Law enforcement is provided by the Beaumont Police Department.

The City of Beaumont contracts for fire and paramedic services with the Riverside County Fire Department through a cooperative agreement with CAL FIRE. Station 66 of the City of Beaumont Fire Services maintains two type 1 engines and one paramedic squad.

==Notable people==
- Tracy Caldwell Dyson, NASA astronaut, graduate of Beaumont High School (1987)
- Scott Haskin, professional basketball player, grew up in Beaumont.
- Brion James, actor
- George Wagner, professional wrestler known as "Gorgeous George", had a 195 acre turkey ranch in Beaumont in the late 1950s to early 1960s.
- Amir Zaki, American photographic and video artist

==In popular culture==
The 1995 movie How to Make an American Quilt filmed many of its driving scenes through Beaumont.

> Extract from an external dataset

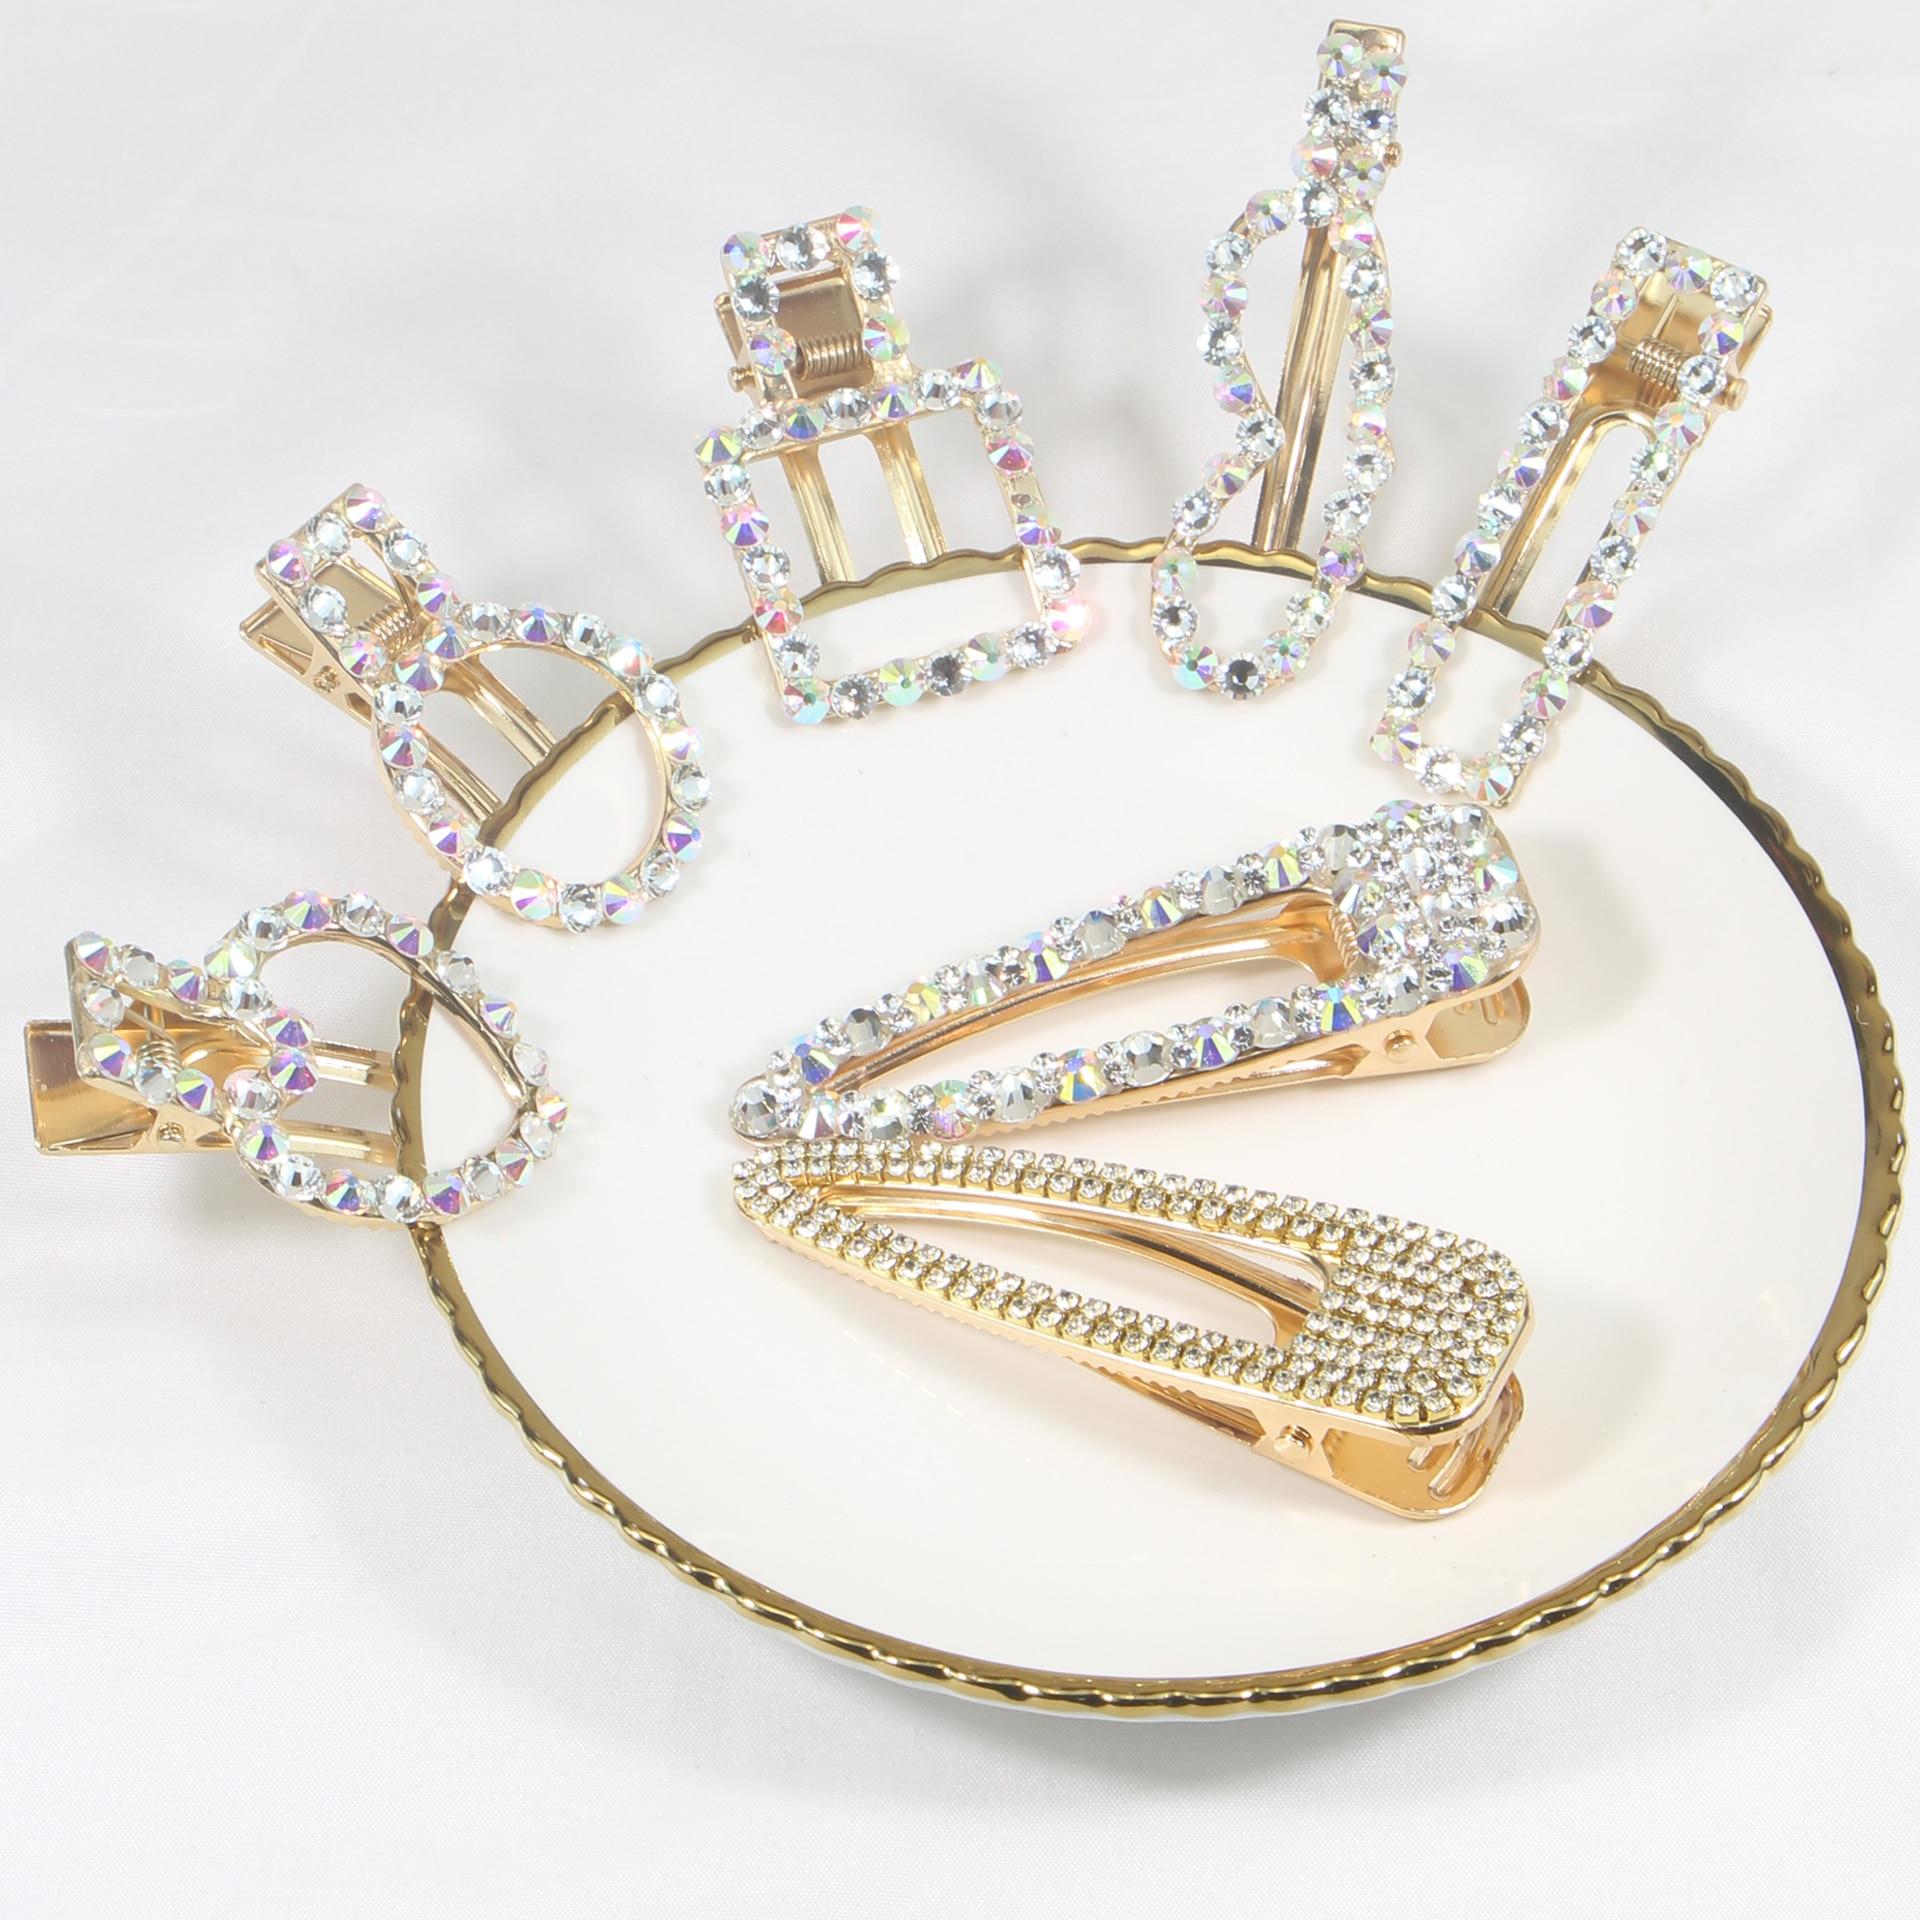 Fashion Luxury Hairpin Women Barrette  Geometric Waterdrop Hair Clip Hairgrip For Women Girls Hair Accessories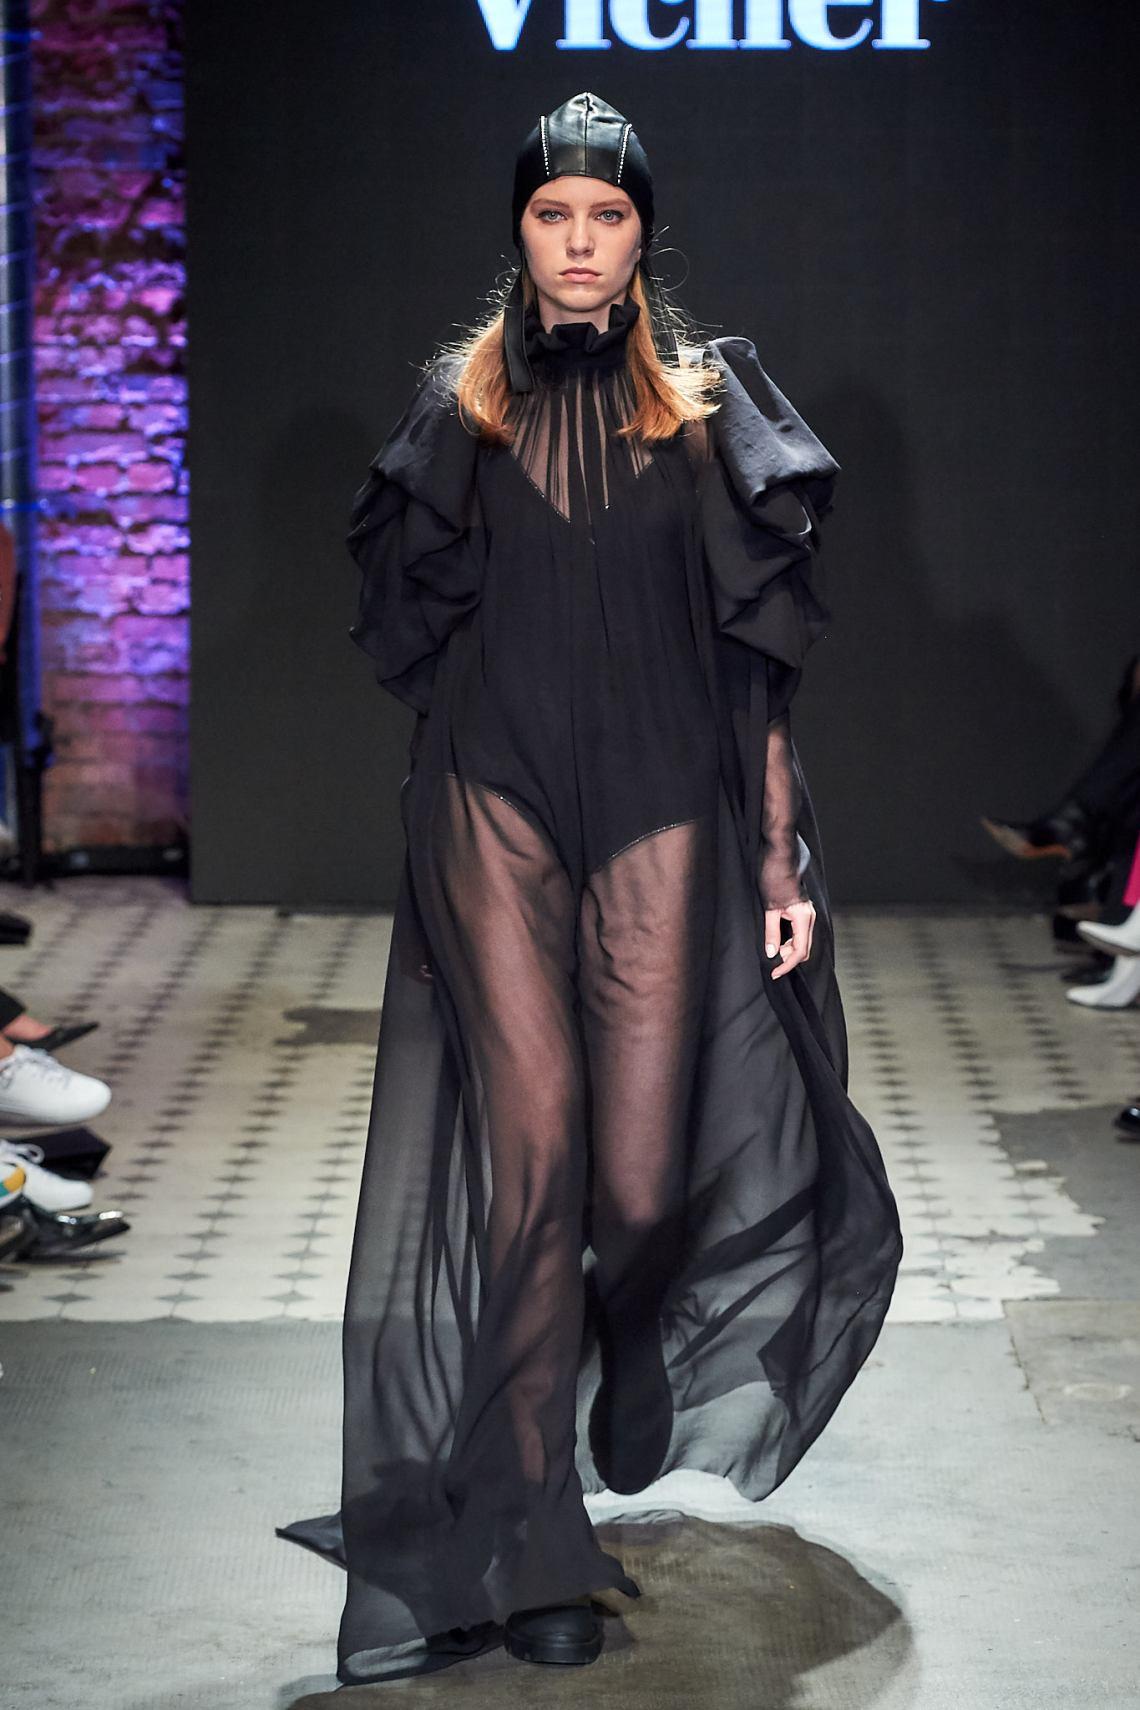 12_KTW_DAY2_121019_VICHER_lowres-fotFilipOkopny-FashionImages

Local wildlife in the surrounding vicinity include quail, coyotes, and foxes. The town has been home to different antique store establishments dating back several decades, such as the now defunct Nettie and Alice Museum of Hobbies.

A few episodes of the TV show My Name Is Earl were filmed in Beaumont, as well as many of the show's opening scenes; the liquor store where he buys the winning lotto ticket, the car wash, and the scene where Earl gets hit by a car were all filmed near the intersection of 6th Street and Pennsylvania Avenue.